▶ _Aim of the task_
Omit any picture, and return the remaining data exactly as written.

START Data extract

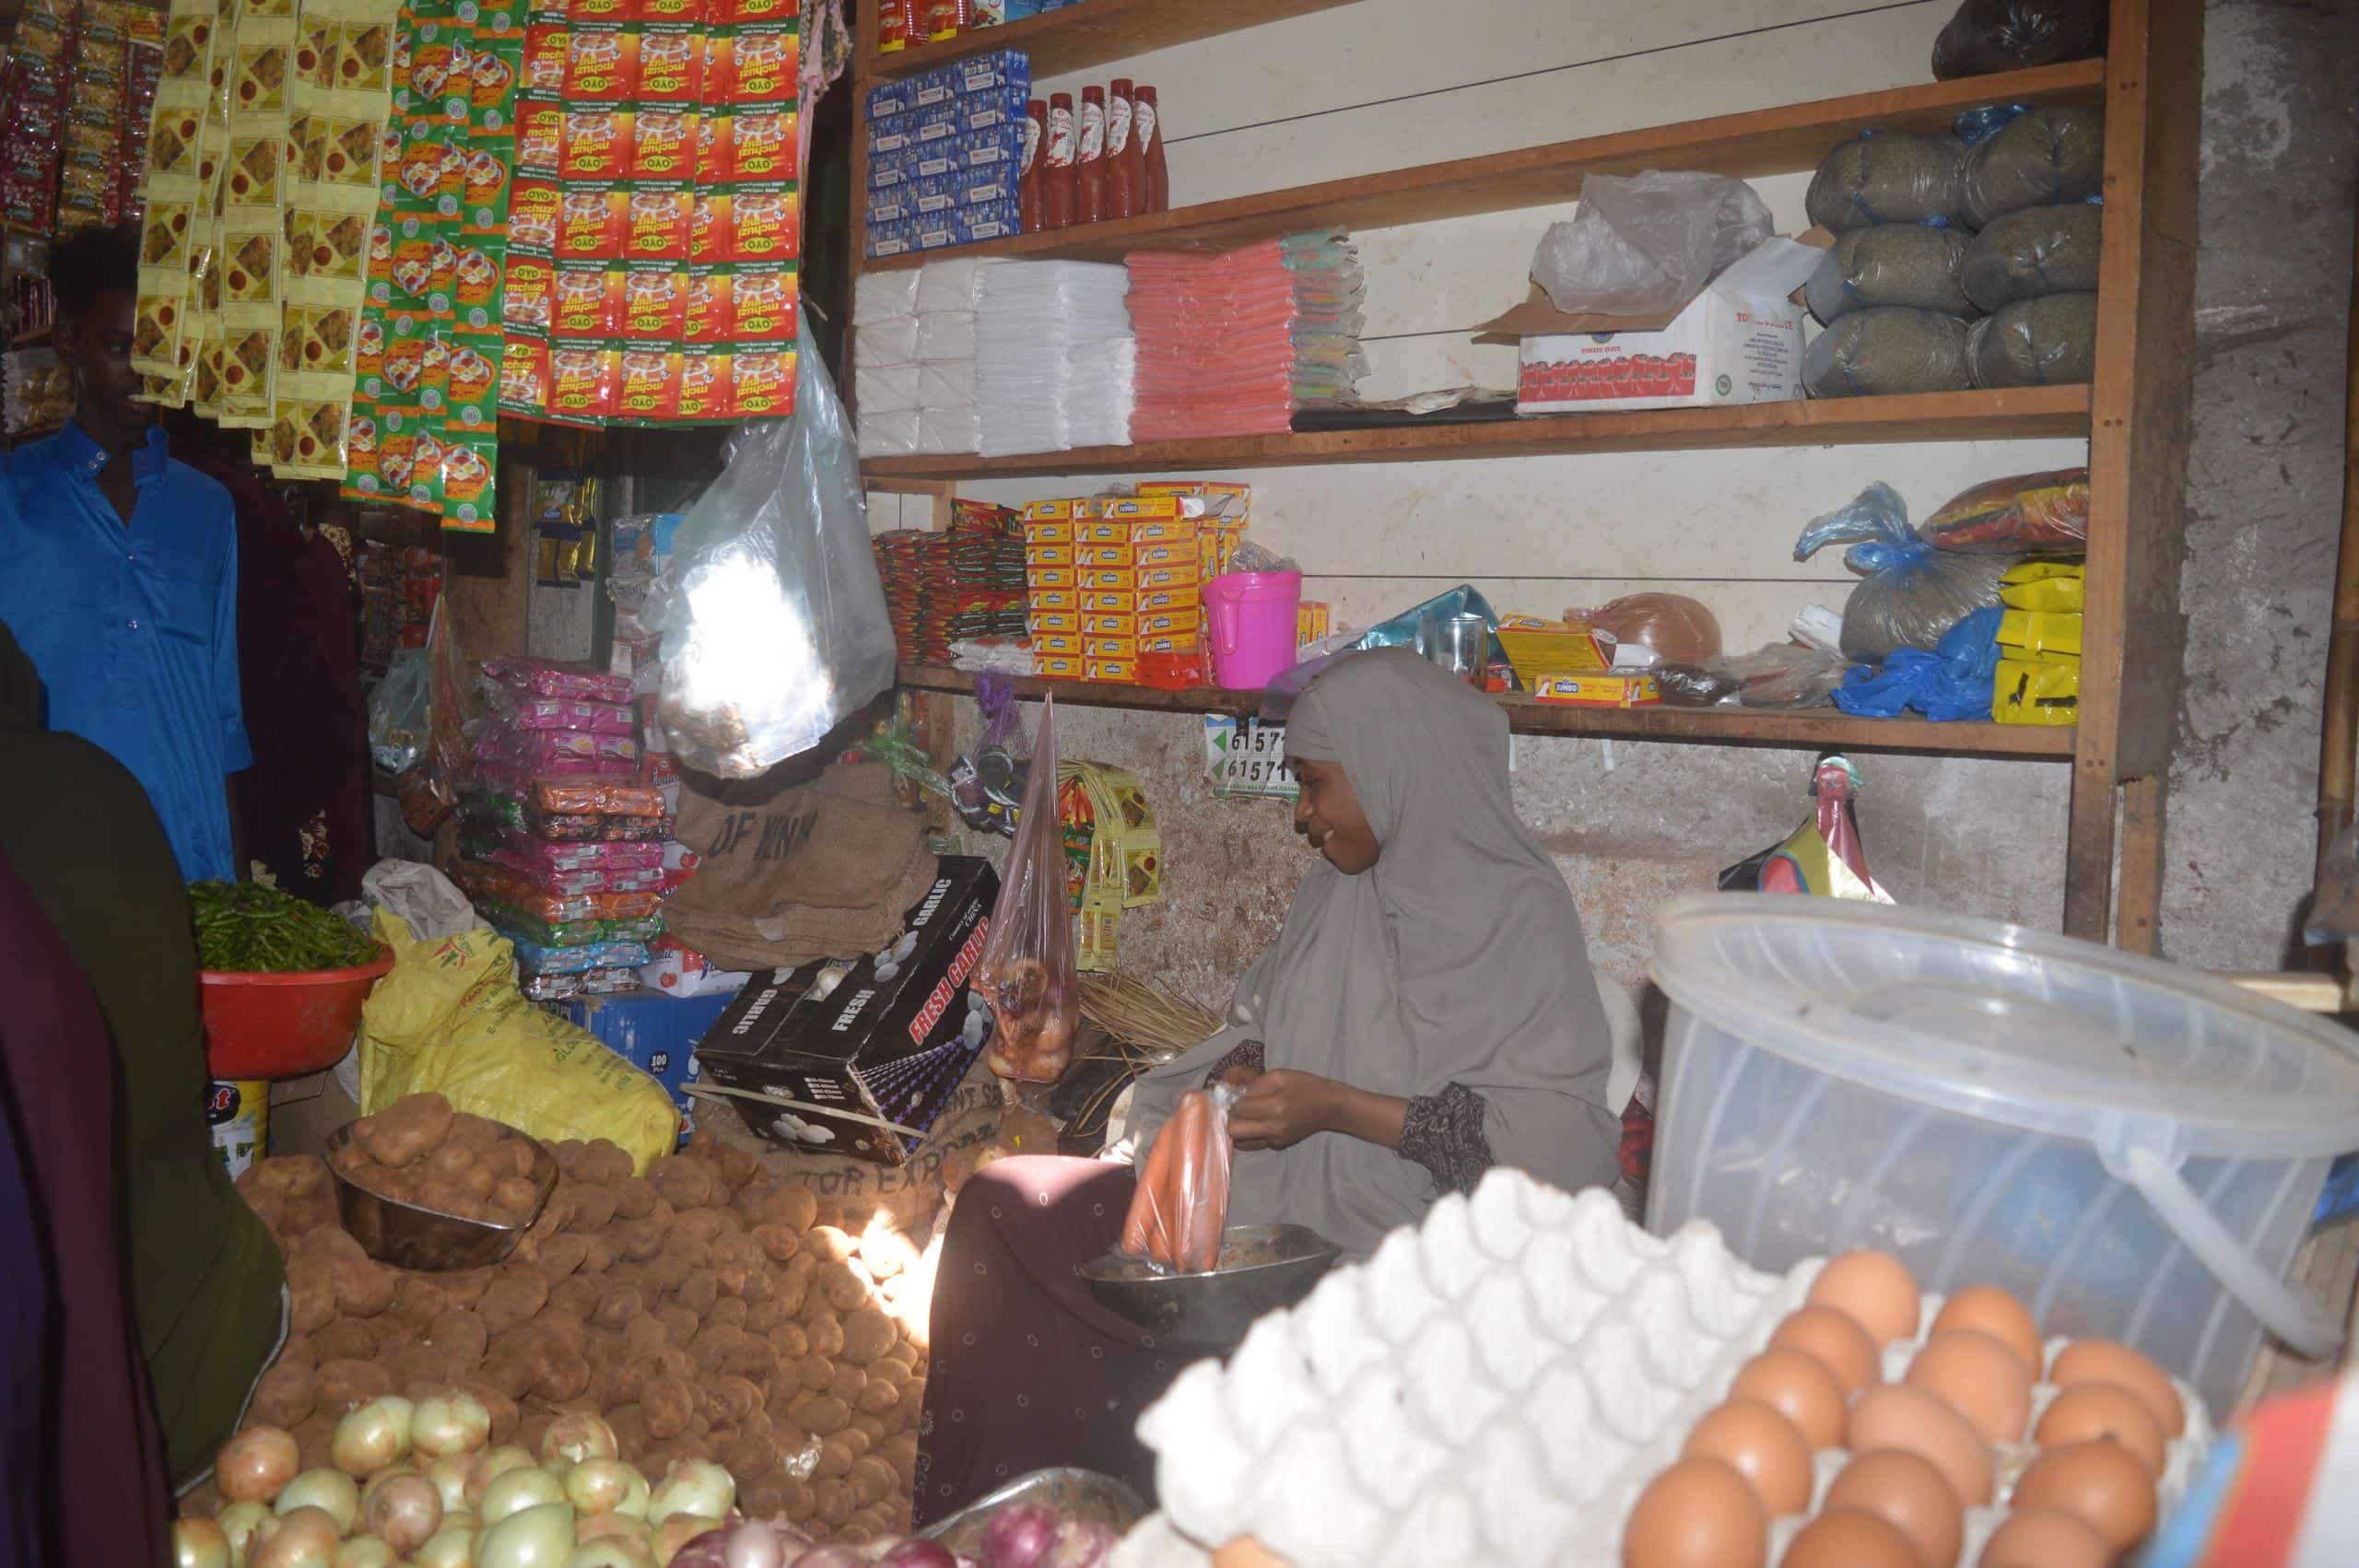 entrepreneur in her shop in somalia
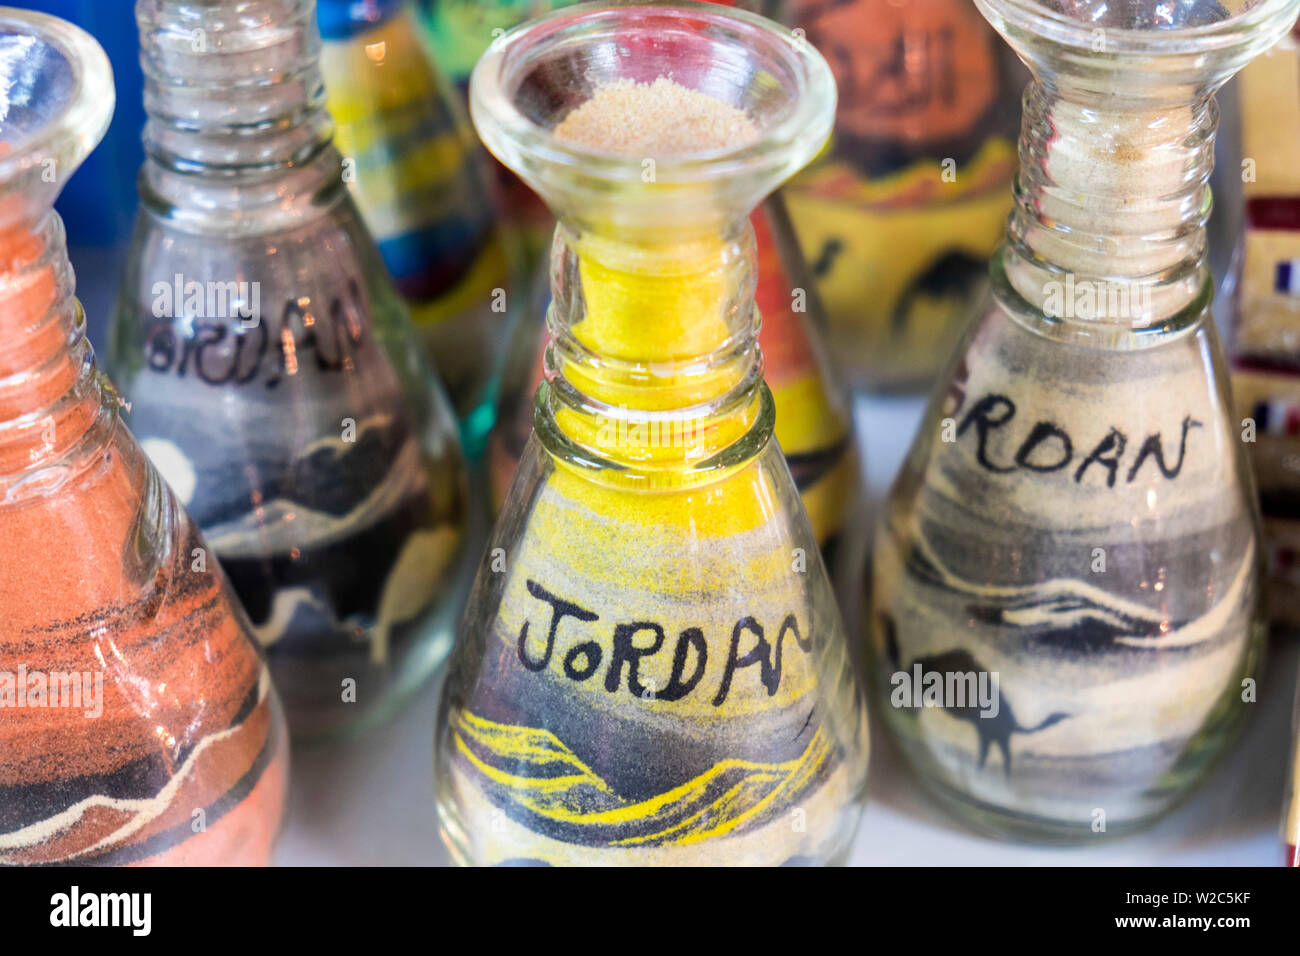 Jordan sand art in bottles, Jordan Stock Photo
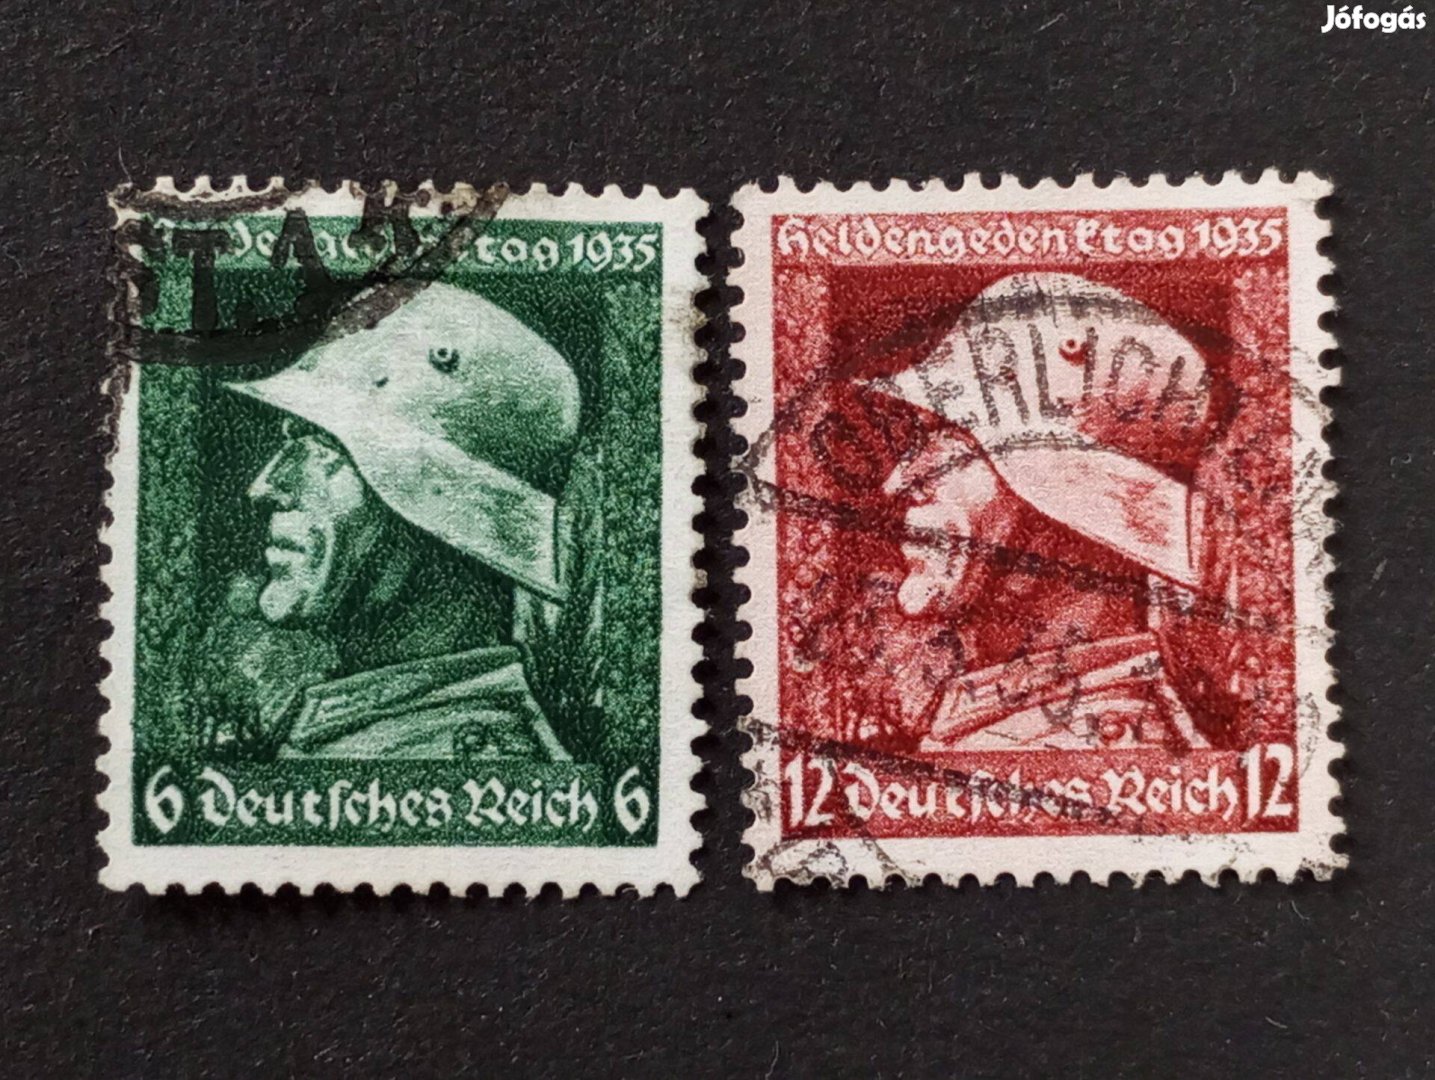 Deutsches Reich 1935. a hősök emléknapja Komplett pecsételt bélyegsor
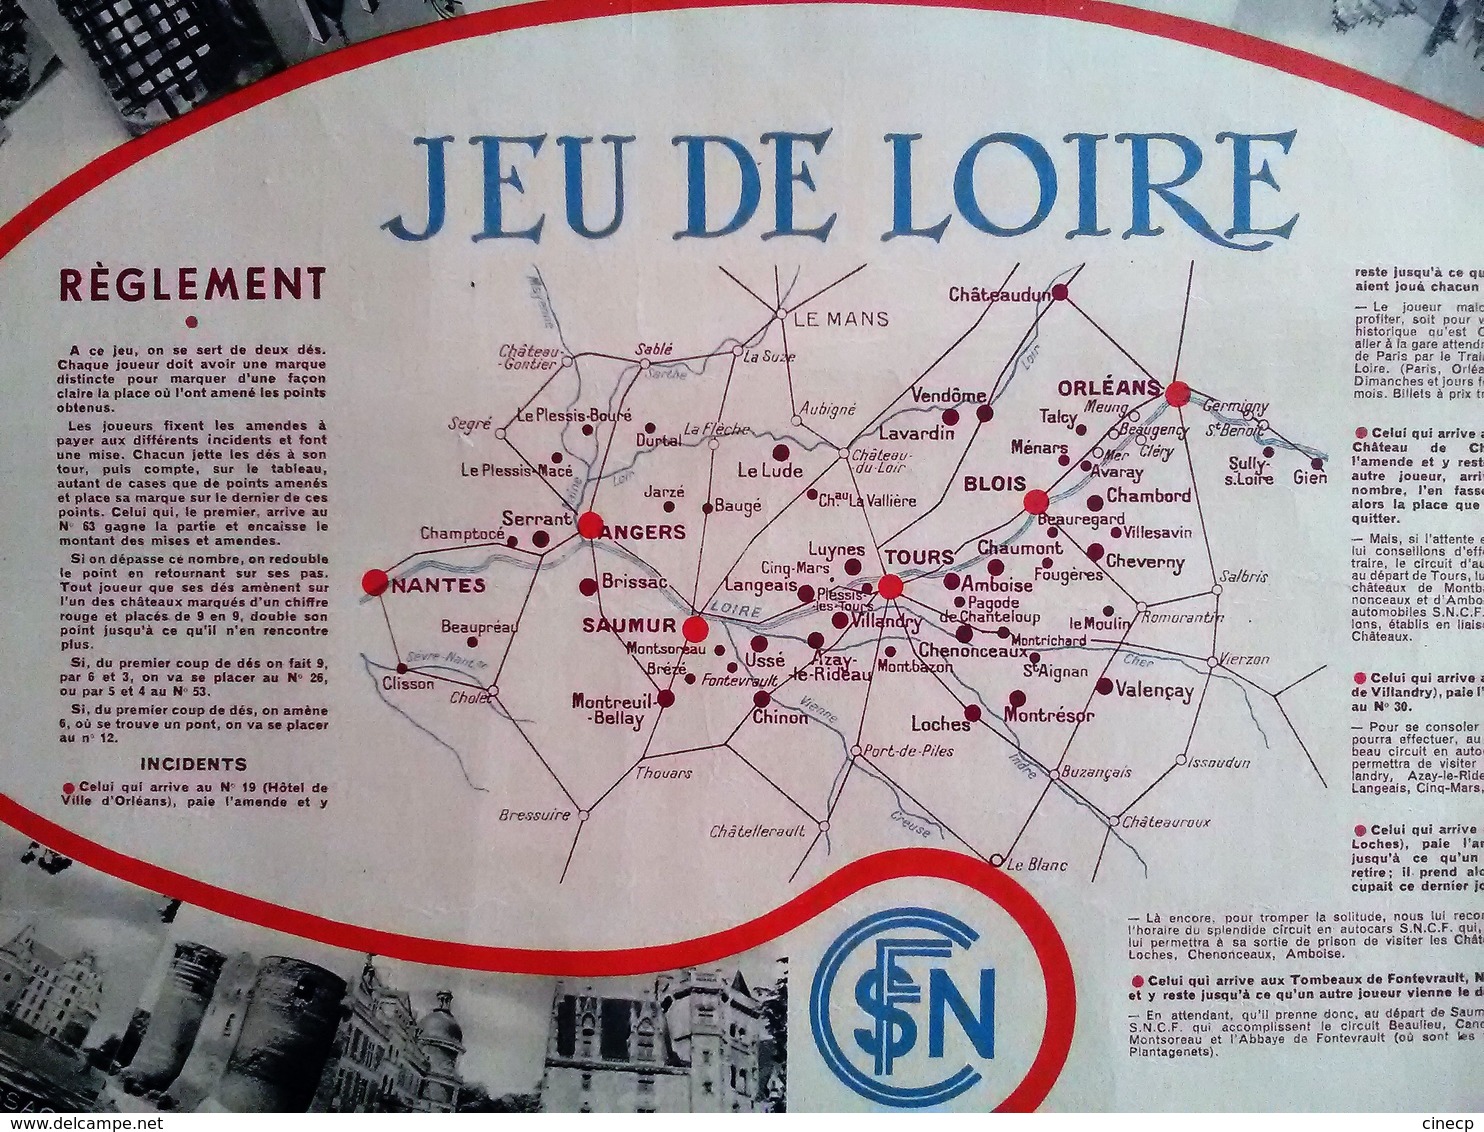 JEU DE PLATEAU PUBLICITE SNCF JEU DE LOIRE Illustration BELLE AFFICHE ANCIENNE ORIGINALE JEU DE L' OIE - Chemin De Fer

END Data extract

▶ _Output_
 entrepreneur in her shop in somalia
 Jordan sand art in bottles, Jordan Stock Photo
 Deutsches Reich 1935. a hősök emléknapja Komplett pecsételt bélyegsor
 JEU DE PLATEAU PUBLICITE SNCF JEU DE LOIRE Illustration BELLE AFFICHE ANCIENNE ORIGINALE JEU DE L' OIE - Chemin De Fer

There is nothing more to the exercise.